The second presidential debate left few observers willing to predict anything but an Obama victory in November. But one nagging question remains in the minds of many pundits. Will Millennials, whose overwhelming support for Senator Obama’s candidacy represents his margin of victory in polls in many battleground states, actually turnout to vote in November?

One such skeptic is Curtis Gans, an eminent researcher on voting trends and turnout at the American University’s Center for the Study of the American Electorate, whose most recent report even goes so far as to deny the existence of the Millennial Generation. Aging Boomers like Tom Friedman have made the same public mistake, demonstrating just how convinced many leading thinkers among that generation, which is well represented among leading political commentators in the media, are that the political style of young people today is not like their own youthful political behavior was and is, therefore, not appropriate or useful.

Since Gans' research report was focused on, in his words, the increased, “almost record,” turnout in this year’s presidential primaries, it is particularly surprising that he chose this vehicle to announce his distaste for the Millennial Generation and its political style.

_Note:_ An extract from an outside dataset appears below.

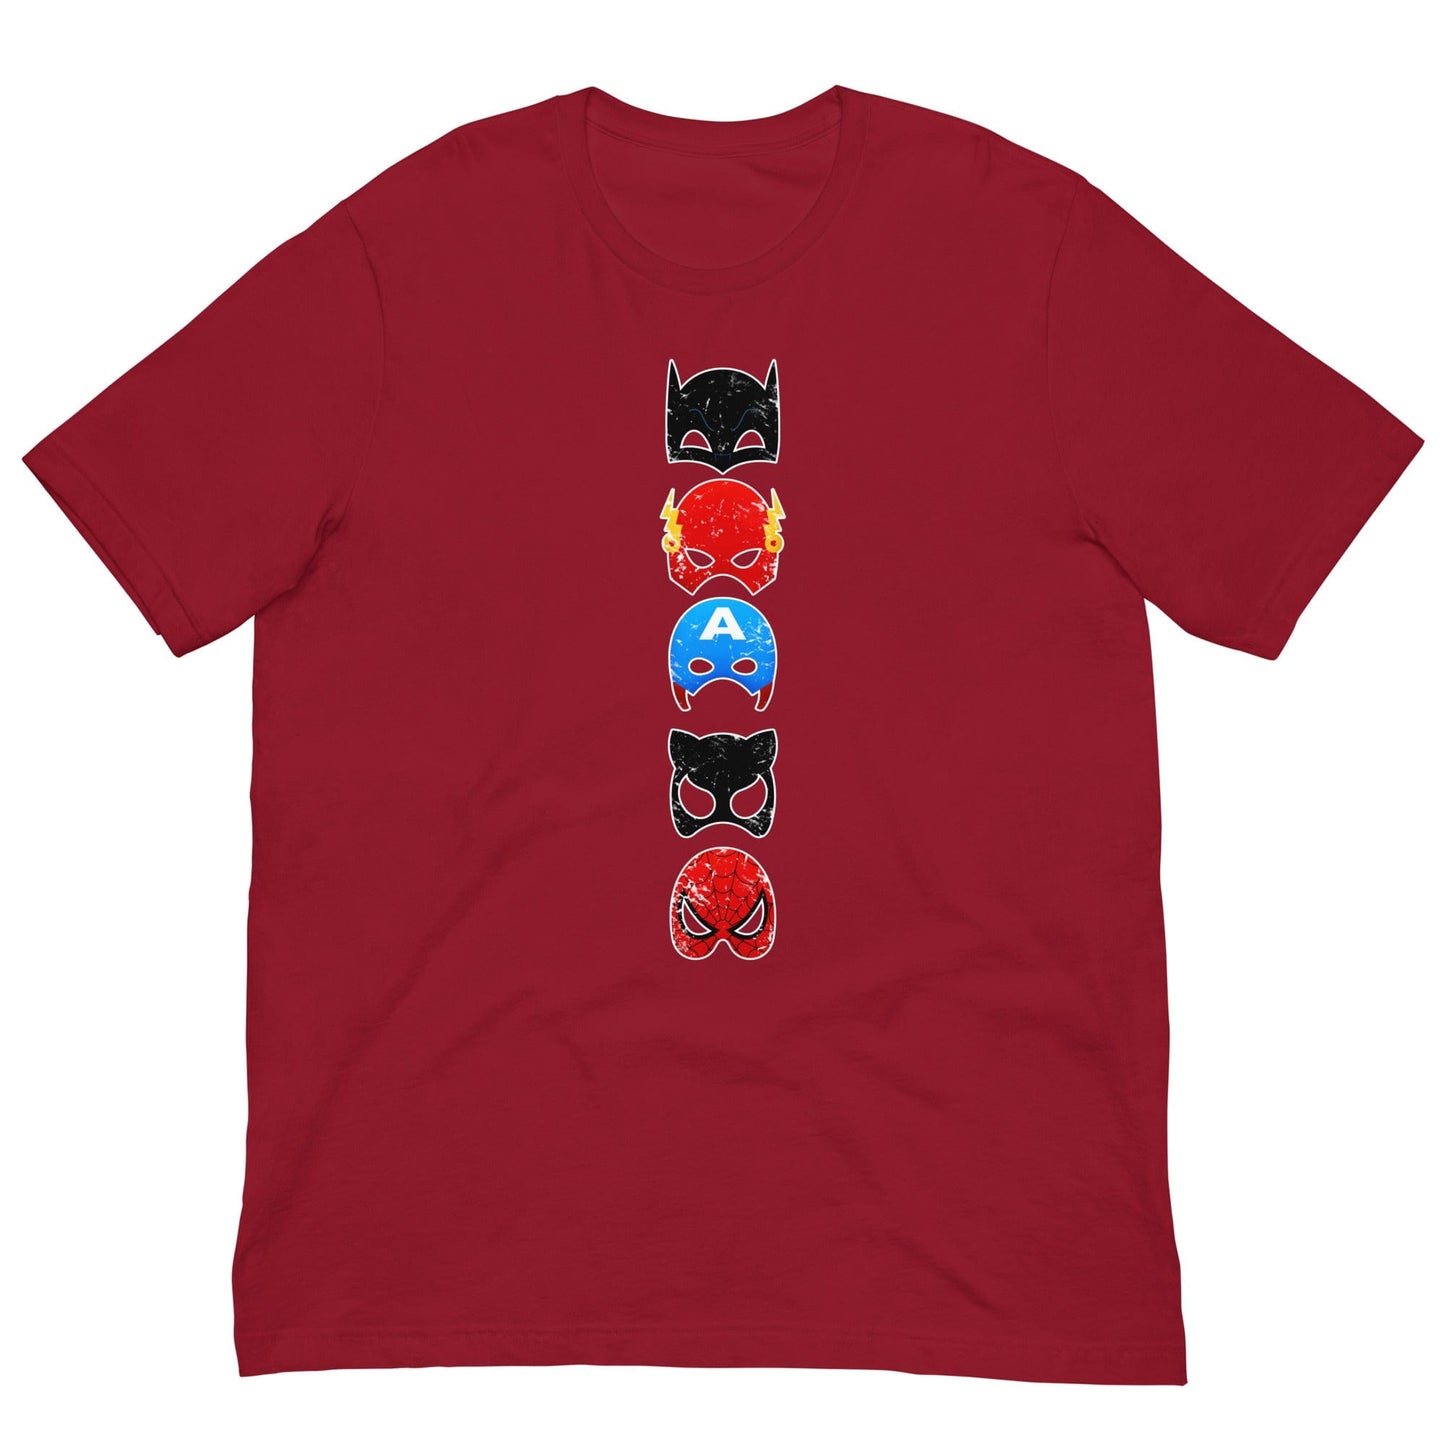 Superheroes T-shirt Cardinal / XS
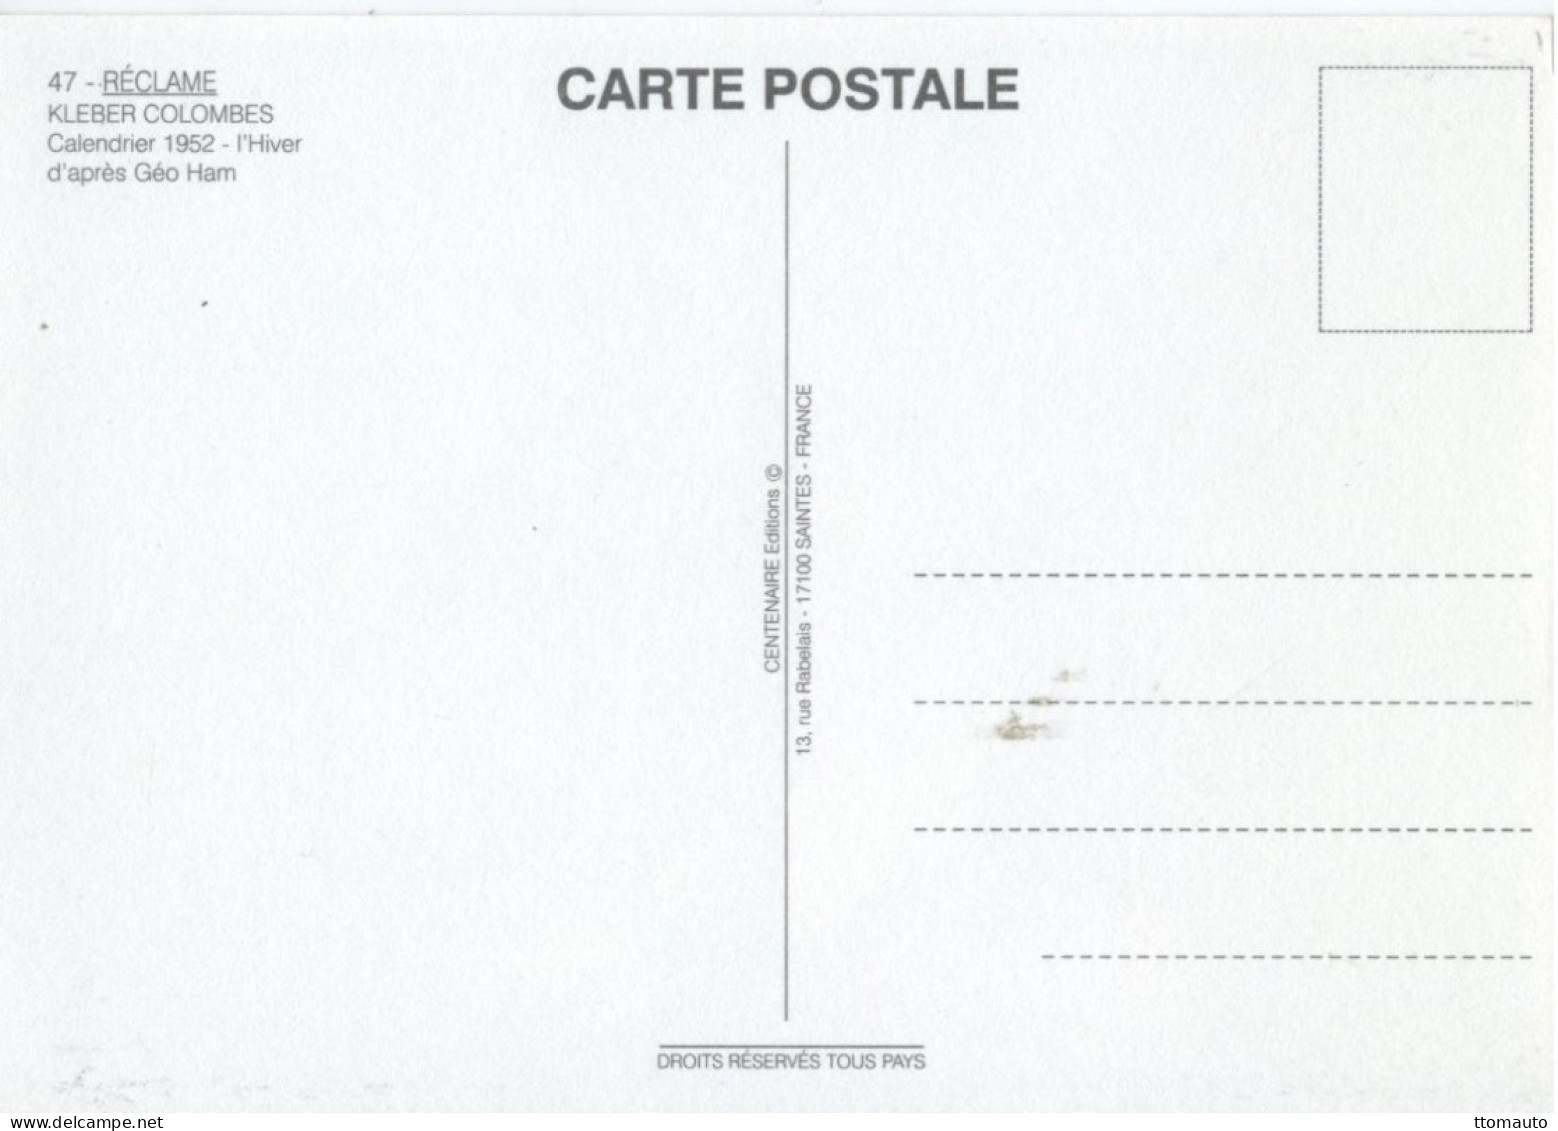 Kleber-Colombes - Repro Affiche Pour Pneumatiques Et Caoutchouc Manufacture 1952 - Artiste: Géo Ham  - Carte Postale - Voitures De Tourisme

Gans cites the work of William Damon as the source of his knowledge about this generation, which is strange given the large number of more well-documented studies of the Millennial Generation disproving Damon’s contention that the parents of Millennials are “creating a generation of young people who lack confidence and direction.” The evidence shows just the opposite.. If anything, employers and teachers who interact daily with Millennials complain that they are almost too confident, to the point of sounding “cheeky.”

This generation's self-confidence and orientation toward the group and the broader society has important political implications. Recent polling data from USAToday/CNN demonstrate that Millennials are paying close attention to the 2008 election and have every intention of voting, at numbers rivaling those of older voters. Their survey of more than 900 young Americans, taken Sept. 18-28 found that:

• 75 % of Millennials are registered to vote
• 73% plan to vote
• 64% have given "quite a lot" of thought to the election

Even Gans concedes that Millennials may vote in large numbers in this election. But he says that they will do so only be because of their fondness for Senator Barack Obama and not because of any long-term commitment to the political process. Millennials he says “were brought in by the uniqueness of Obama’s candidacy—precisely because he seemed to offer something different than the politics they had been eschewing.” He continues, “they won’t stay in if he’s not elected and their interest and engagement won’t be sustained if he does not live up to the promise of his candidacy once in office.” Nothing could be further from the truth.

There is no doubt that Millennials have responded very positively to Senator Obama and his candidacy and that the Obama campaign has strongly targeted this generation. Millennials supported Obama overwhelmingly in this year's Democratic primaries and virtually all current general election surveys indicate that Millennials favor him over John McCain by at least a 2:1 margin. But the political attitudes and identifications of Millennials were clearly evident long before the Obama candidacy gained widespread visibility. A Pew Research Center survey conducted in March 2007 indicated that Millennials identified as Democrats over Republicans by nearly a 2:1 ratio (52% vs. 30%). And, a study conducted at about the same time by the Millennial Strategy Program of communication research and consultation firm Frank N. Magid Associates showed that Millennials were the first generation since at least the GI Generation to contain a greater number of self-perceived liberals than conservatives. All of this at least raises the possibility that the high level of Millennial political involvement is significantly based on the Democratic and liberal affinities of the generation and would be strong even without Obama's strong candidacy.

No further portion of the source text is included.